Gail Cresci*1,2, Muthusamy -. Thangaraju2, Darren Browning2, Vadivel Ganapathy2
1Surgery, Medical College of Georgia, Augusta, GA; 2Biochemistry and Molecular Biology, Medical College of Georgia, Augusta, GA

Introduction: Short-chain fatty acids (SCFA), generated in the colon by bacterial fermentation of dietary fiber, protect against colorectal cancer. Among the SCFAs, butyrate is believed to be most relevant to colonic health. Butyrate induces differentiation of colonocytes and promotes apoptosis in colonic tumor cells. The ability of butyrate to induce apoptosis in tumor cells is related to its function as an inhibitor of histone deacetylases (HDACs). To do this, butyrate must enter the colonocyte. SLC5A8 is a Na+-coupled transporter for SCFA expressed predominantly in the colon. SLC5A8 has been shown to be silenced in colon cancer and re-expression of the transporter in colon cancer cell lines leads to apoptosis. However the underlying mechanism of tumor suppression is unknown. Hypothesis: SLC5A8-mediated concentrative entry of butyrate into colon cancer cells is responsible for tumor cell-specific induction of apoptosis. Methods:Expression of SLC5A8 was compared in paired samples of human tumor and normal colon tissue, colon tissue from ApcMin/+ mice, a model for intestinal/colon cancer, and wild type mice, and several colon cancer and normal colon cell lines. Mature oocytes from X.laevis, injected with human SLC5A8 cRNA, were used for electrophysiological studies to characterize SLC5A8-mediated butyrate transport. The Na+-activation kinetics of butyrate-induced currents was analyzed by measuring the butyrate-specific currents with increasing amounts of Na+. Normal and colon cancer cell lines transfected with pcDNA or SLC5A8 cDNA and treated with or without butyrate were used to evaluate apoptosis, HDAC activity, and expression of pro- and anti-apoptotic genes.

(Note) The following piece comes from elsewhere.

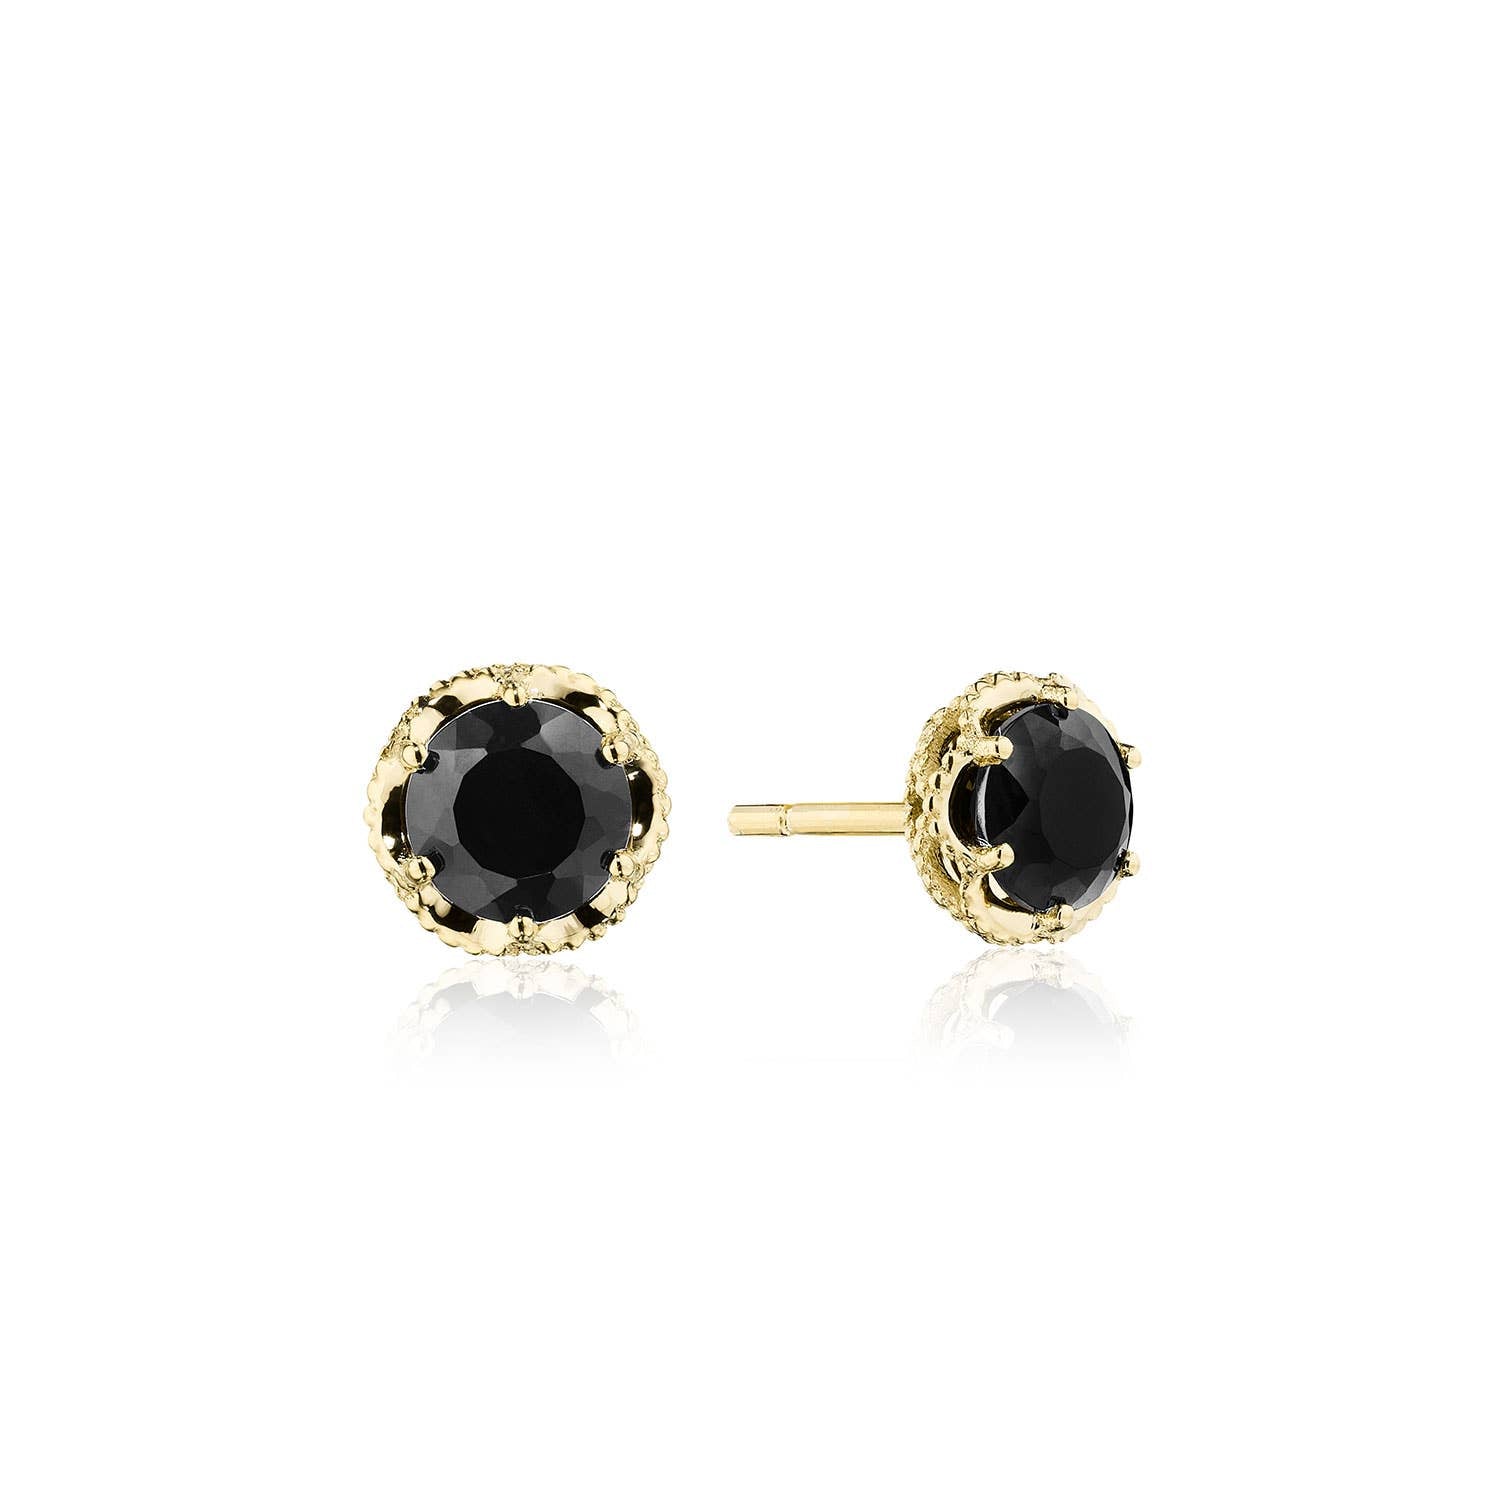 Petite Crescent Crown Studs featuring Black Onyx and Yellow Gold

Results: SLC5A8 transports butyrate via a Na+-dependent electrogenic process. Na+-activation of the transport process exhibits sigmoidal kinetics, indicating involvement of more than 1 Na+ in the activation process. SLC5A8 is silenced in colon cancer in humans, in a mouse model of colon cancer, and in colon cancer cell lines. The tumor-associated silencing of SLC5A8 involves DNA methylation by DNA methyltransferase 1. Re-expression of SLC5A8 in colon cancer cells leads to apoptosis, but only in the presence of butyrate. SLC5A8-mediated entry of butyrate into cancer cells is associated with inhibition of histone deacetylation. Changes in gene expression in SLC5A8/butyrate-induced apoptosis include upregulation of pro-apoptotic genes and downregulation of anti-apoptotic genes. Also, expression of phosphatidylinositol-3-kinase subunits is affected differentially. Conclusion:These studies show that SLC5A8 mediates the tumor-suppressive effects of the SCFA butyrate in the colon.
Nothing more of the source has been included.